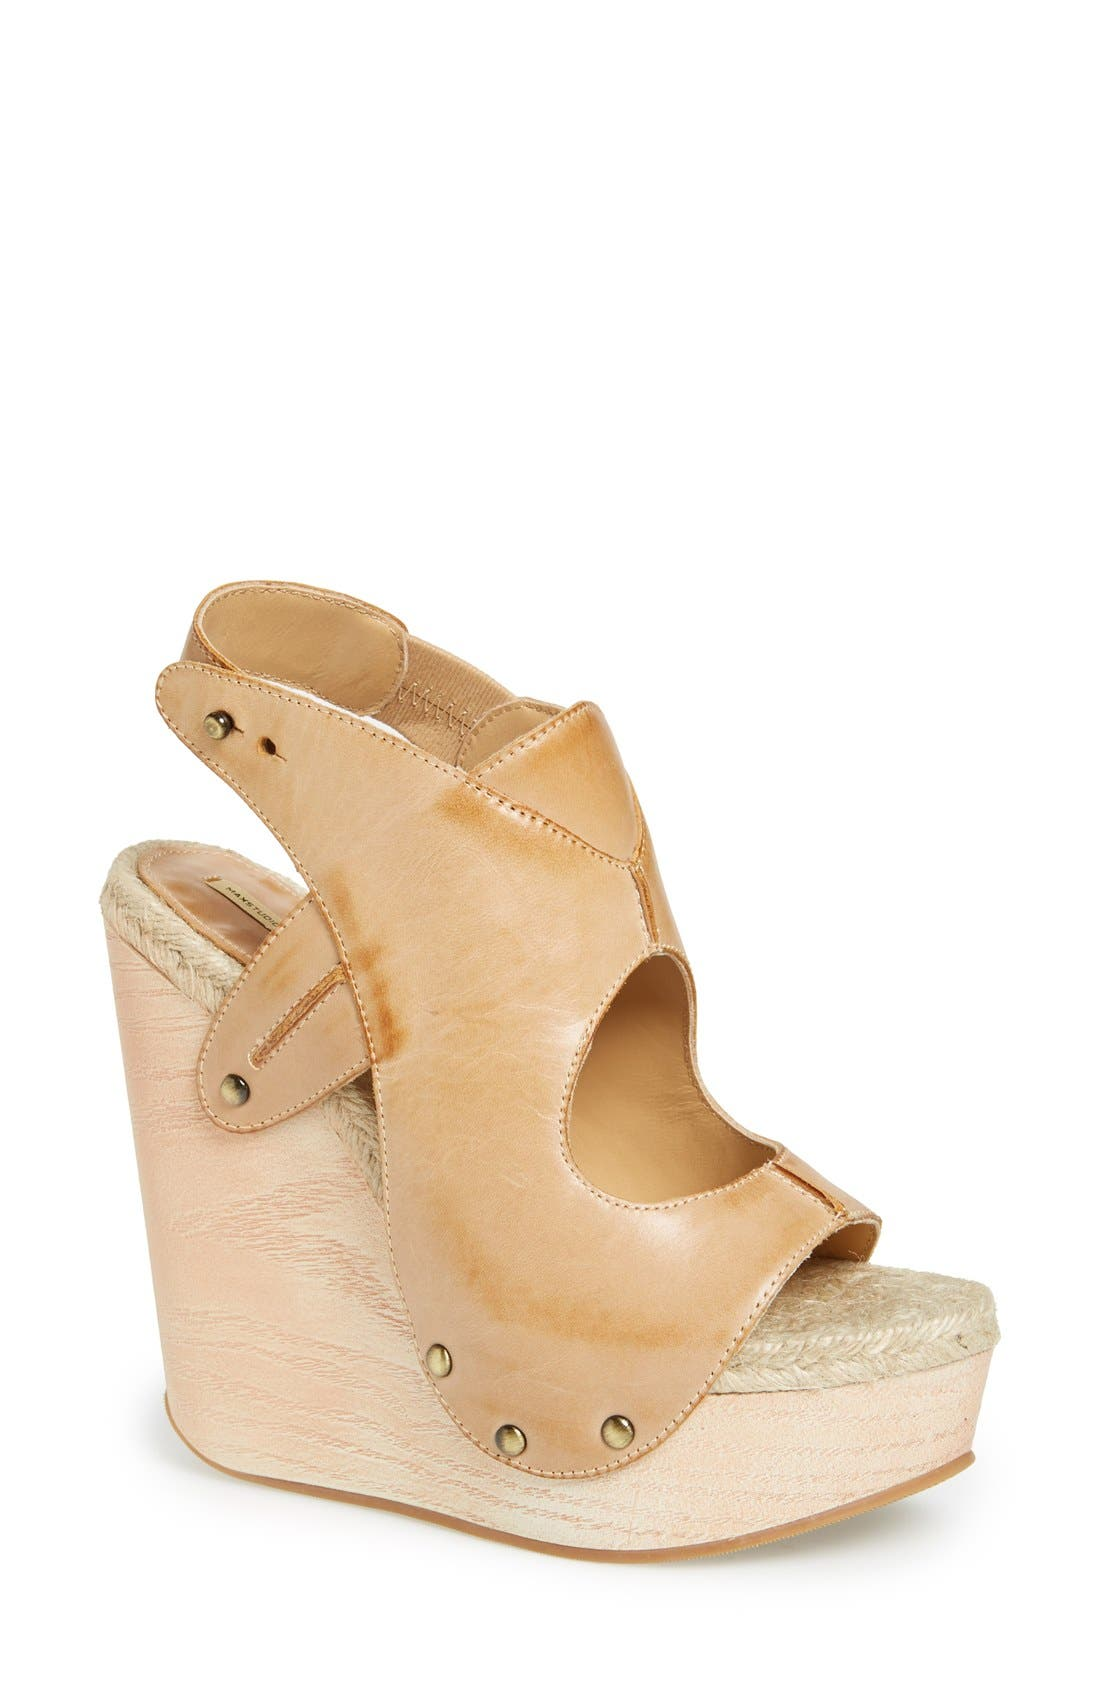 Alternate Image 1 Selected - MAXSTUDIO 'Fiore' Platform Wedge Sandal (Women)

==

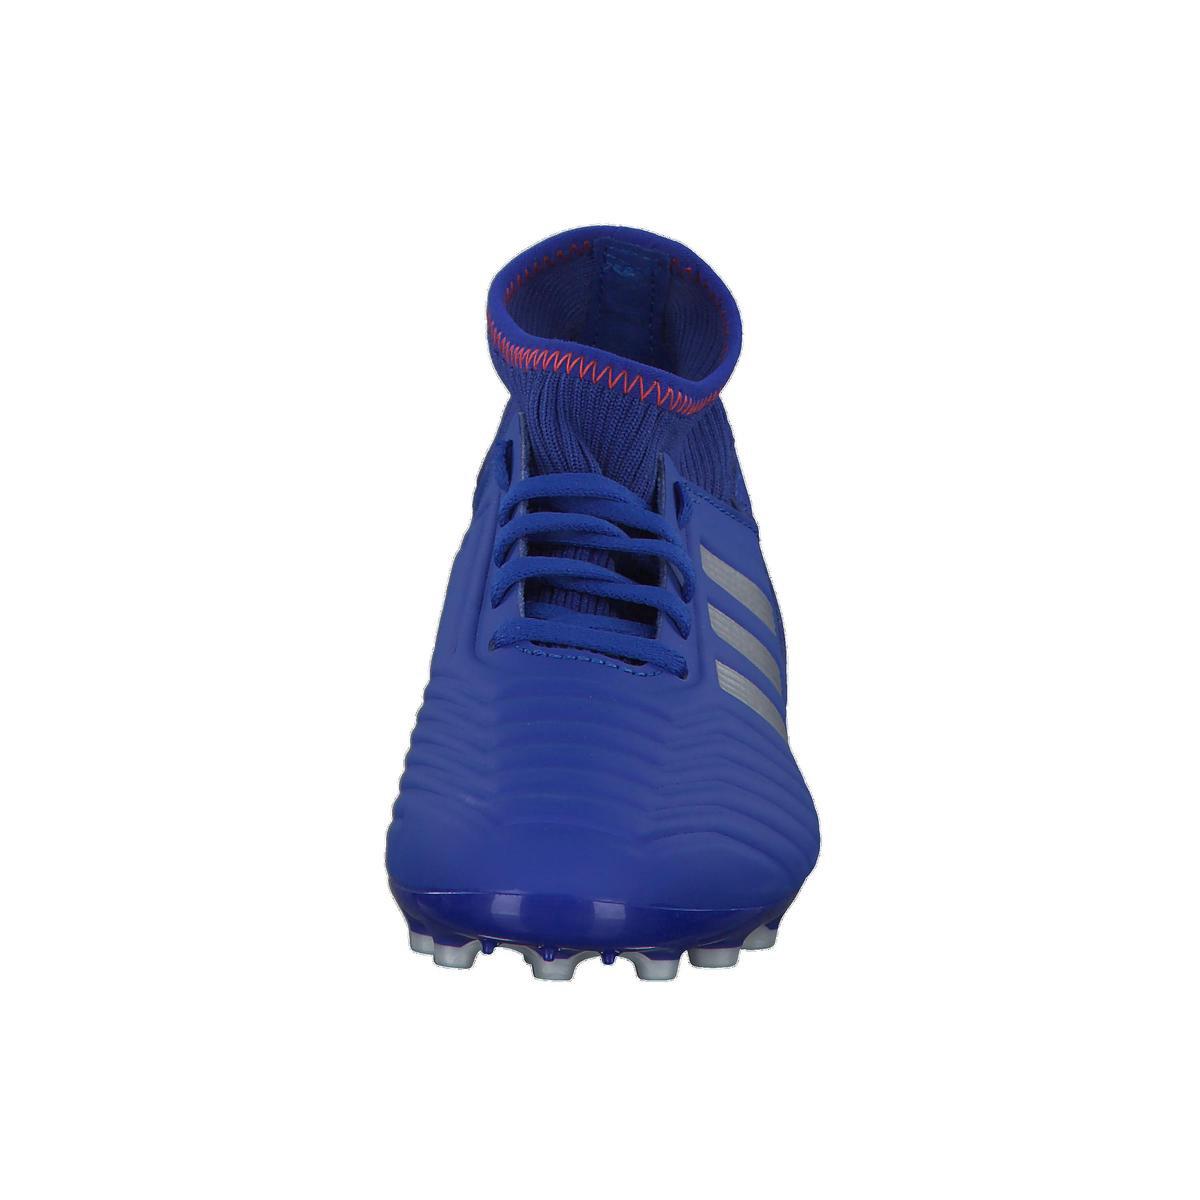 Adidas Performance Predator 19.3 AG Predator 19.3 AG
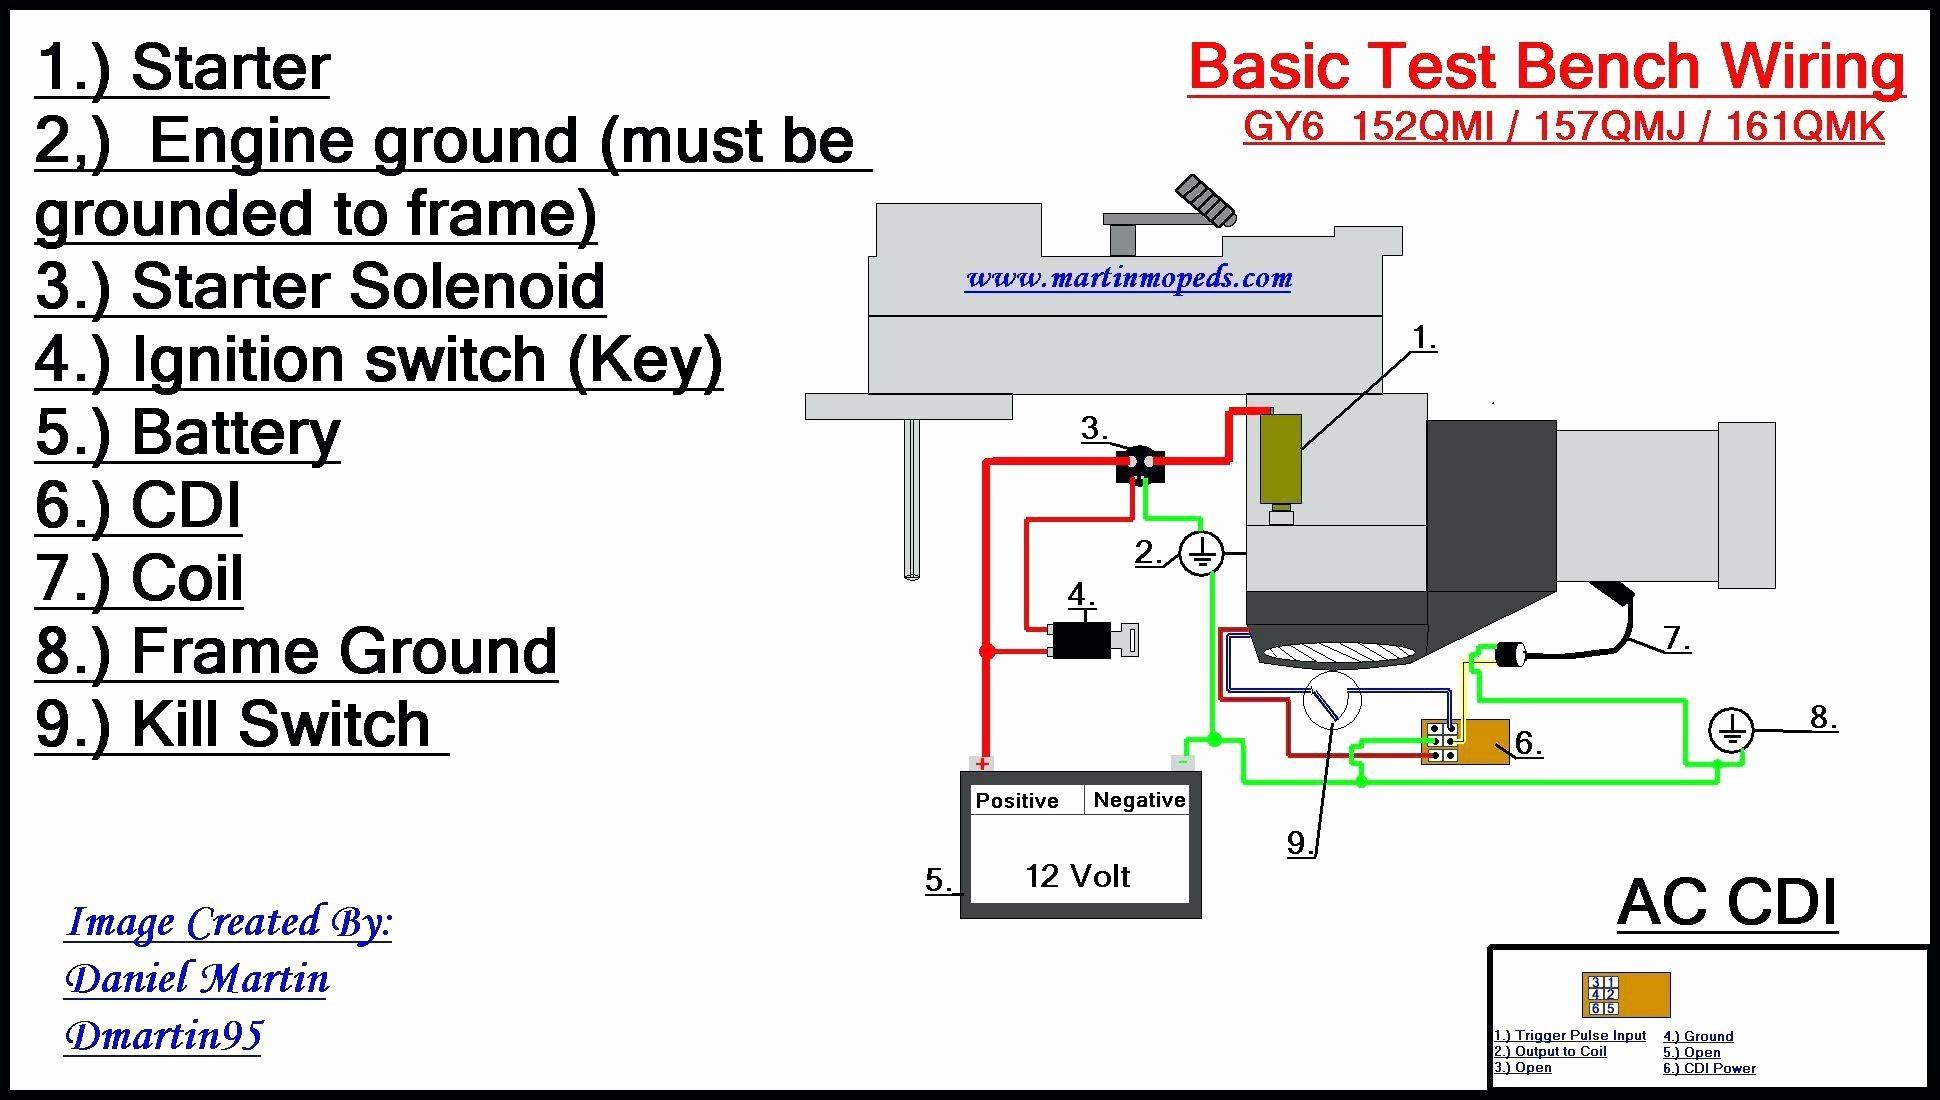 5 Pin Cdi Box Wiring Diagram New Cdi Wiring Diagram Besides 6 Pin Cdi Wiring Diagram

...

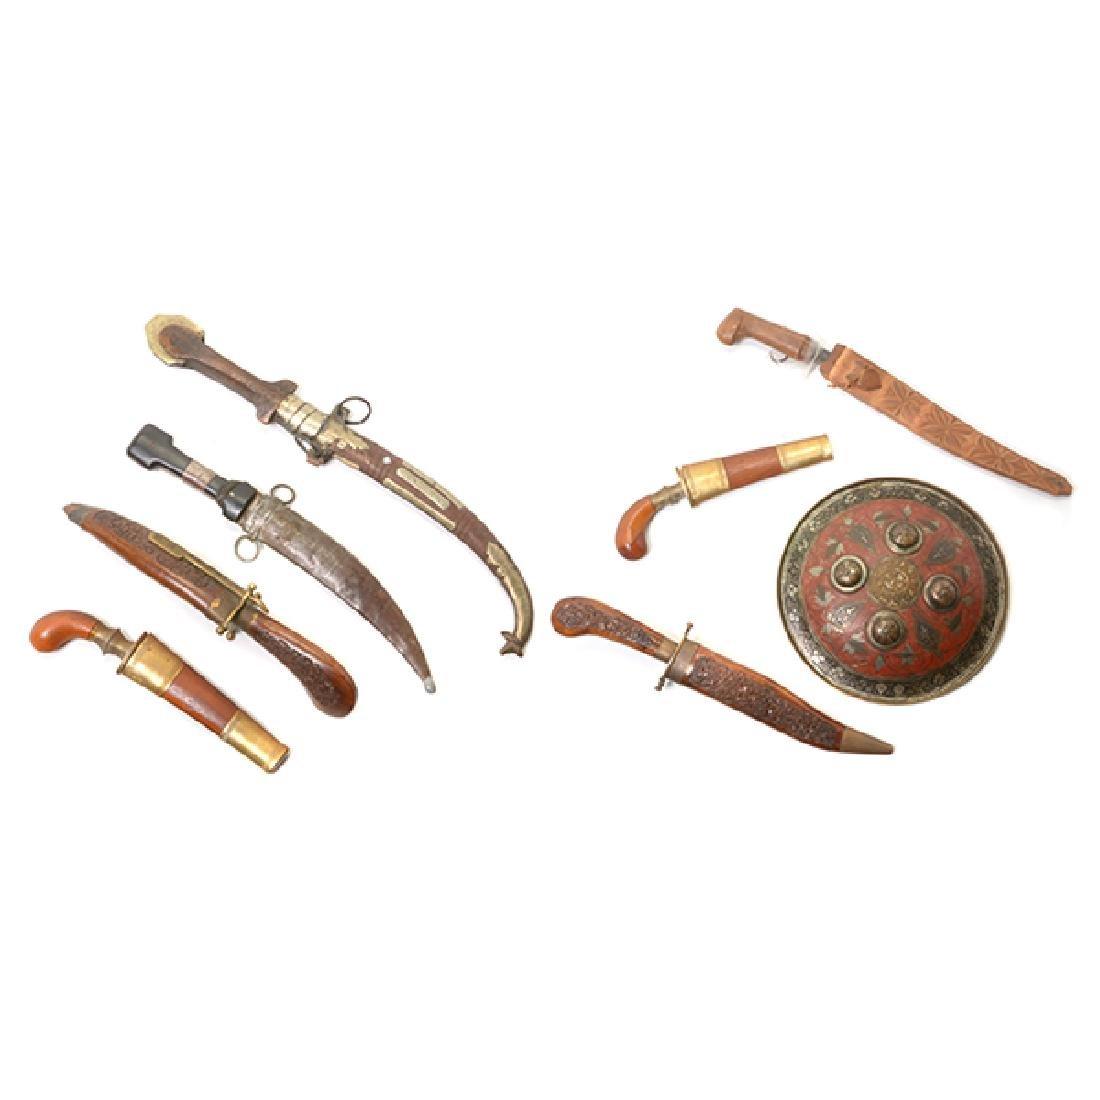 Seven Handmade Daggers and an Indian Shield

→ WHAT IS REQUIRED: Only one part of the material above is wanted: the lines from the one with "Adidas Performance Predator" up to and including the one with "5 Pin Cdi Box". Please copy them exactly, pictures left out.

→ RESULT:
 Adidas Performance Predator 19.3 AG Predator 19.3 AG
 5 Pin Cdi Box Wiring Diagram New Cdi Wiring Diagram Besides 6 Pin Cdi Wiring Diagram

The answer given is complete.